- Silaban, c. 2018
- Born: 1 April 1953 Bogor, West Java, Indonesia
- Died: 6 August 2021 (aged 68) Jayapura, Papua, Indonesia
- Occupation: Doctor

= Tigor Silaban =

Indonesian doctor (1953–2021)

Tigor Silaban (1 April 1953 – 6 August 2021) was an Indonesian doctor.

He worked in remote parts of Papua for government clinics since his graduation from the University of Indonesia, and continued to work there for nearly forty years until his retirement in 2017.
==Early life and education==
Silaban was born in Bogor on 1 April 1953. His father, Friedrich Silaban, was a renowned architect. He graduated from Canisius College, Jakarta, and resumed his education at the University of Indonesia (UI)'s faculty of medicine. Silaban claimed that he applied at the Faculty of Medicine only at his father’s request, even though he had intended to study engineering—but he was accepted instead. Despite his reluctance, he managed to graduate. As a result, he made a written vow to work in Indonesia’s interior, far from Jakarta, and not to work as a private doctor.

==Career==
He began working in Papua in 1979, when after graduating he was assigned to the puskesmas (government clinic) in Oksibil in what was then Jayawijaya Regency. He was the only doctor there, and in an interview he remarked how a rumor of his murder nearly triggered a tribal war.

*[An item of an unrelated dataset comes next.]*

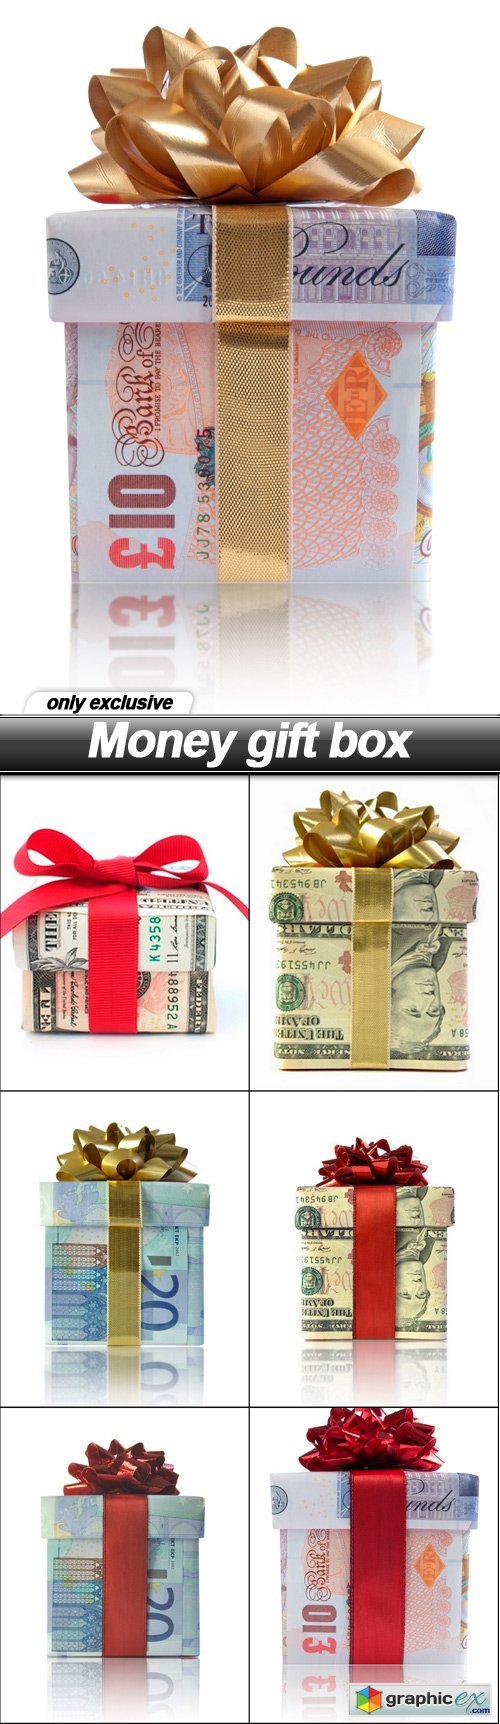 Money gift box - 7 UHQ JPEG

Due to the remoteness of his working locations, the clinic buildings were often simple wooden structures without any flooring. Silaban organized a radio network to allow the scattered clinics to communicate with one another. Although he was a general practitioner, the severe shortage of doctors in Papua meant that he often had to perform specialist surgeries when transporting patients to the provincial capital at Jayapura was not an option. He was then given the status of a formal civil servant and relocated to Wamena, and served as chief of the regency's health service until 1993. At some point, he returned to UI to study for a master's degree in public health.

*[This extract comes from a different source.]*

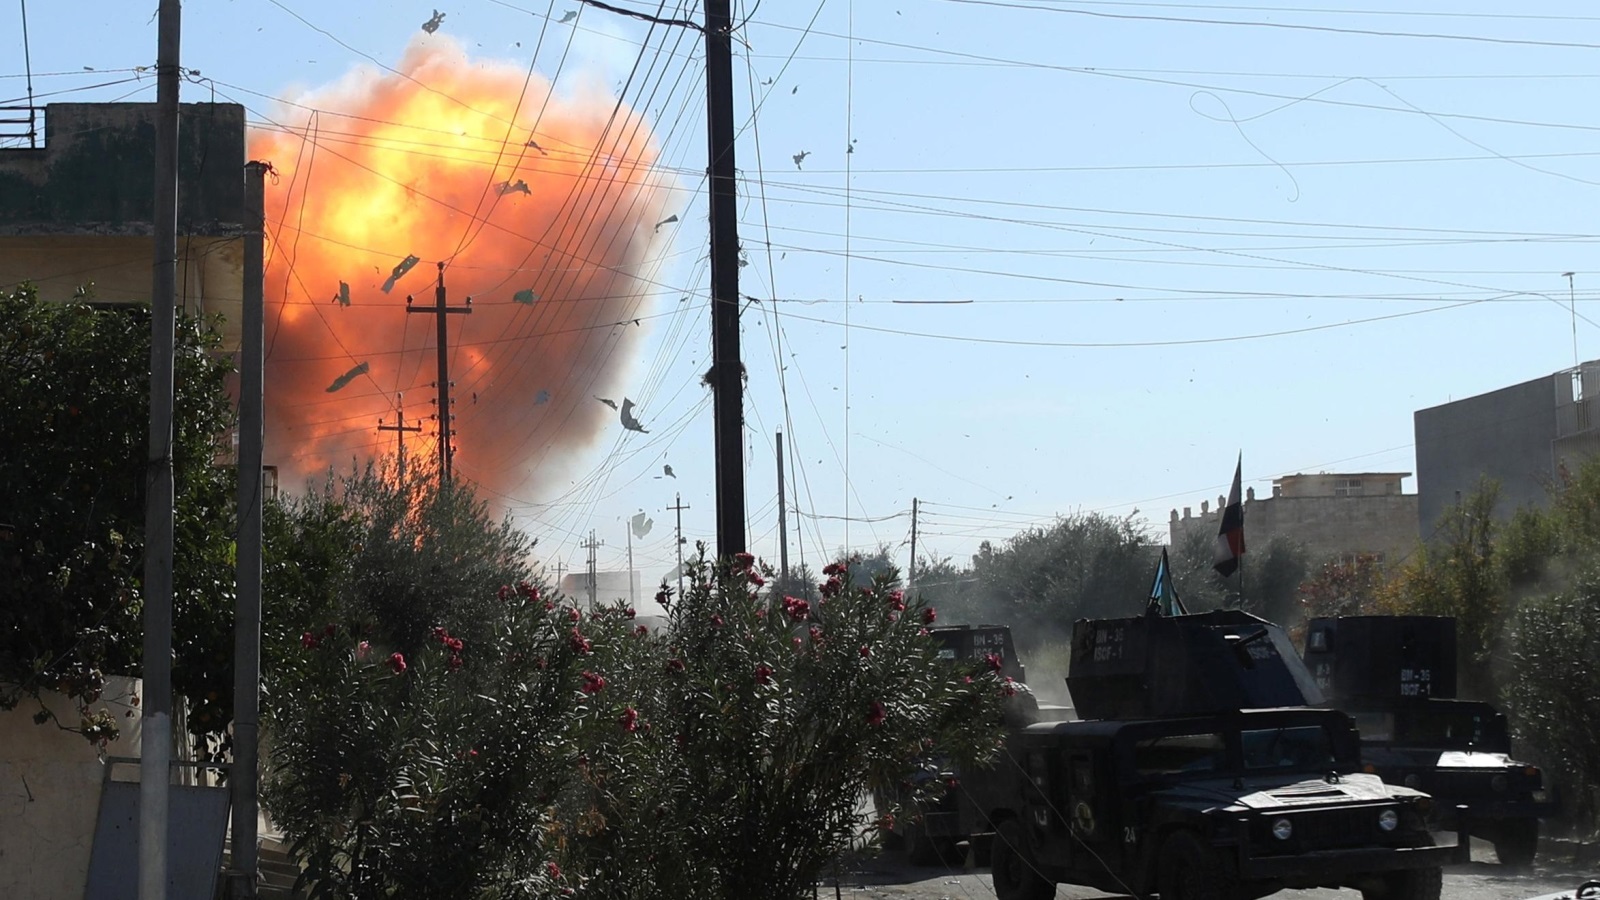 ‪هجوم بسيارة ملغمة استهدف في وقت سابق القوات العراقية شرقي الموصل (رويترز)‬ هجوم بسيارة ملغمة استهدف في وقت سابق القوات العراقية شرقي الموصل (رويترز)

Silaban was later promoted to become chief of the provincial health service, a position he would hold until his retirement in 2017. He also established a "parallel" health service which involved the training of non-medical staff in preventive care. He also mentored younger doctors working in Papua. After his retirement, he continued to work as a public health consultant, focusing on healthcare information systems and childhood nutrition. He died at a hospital in Jayapura on 6 August 2021 due to COVID-19. At the time of his death, he had four children.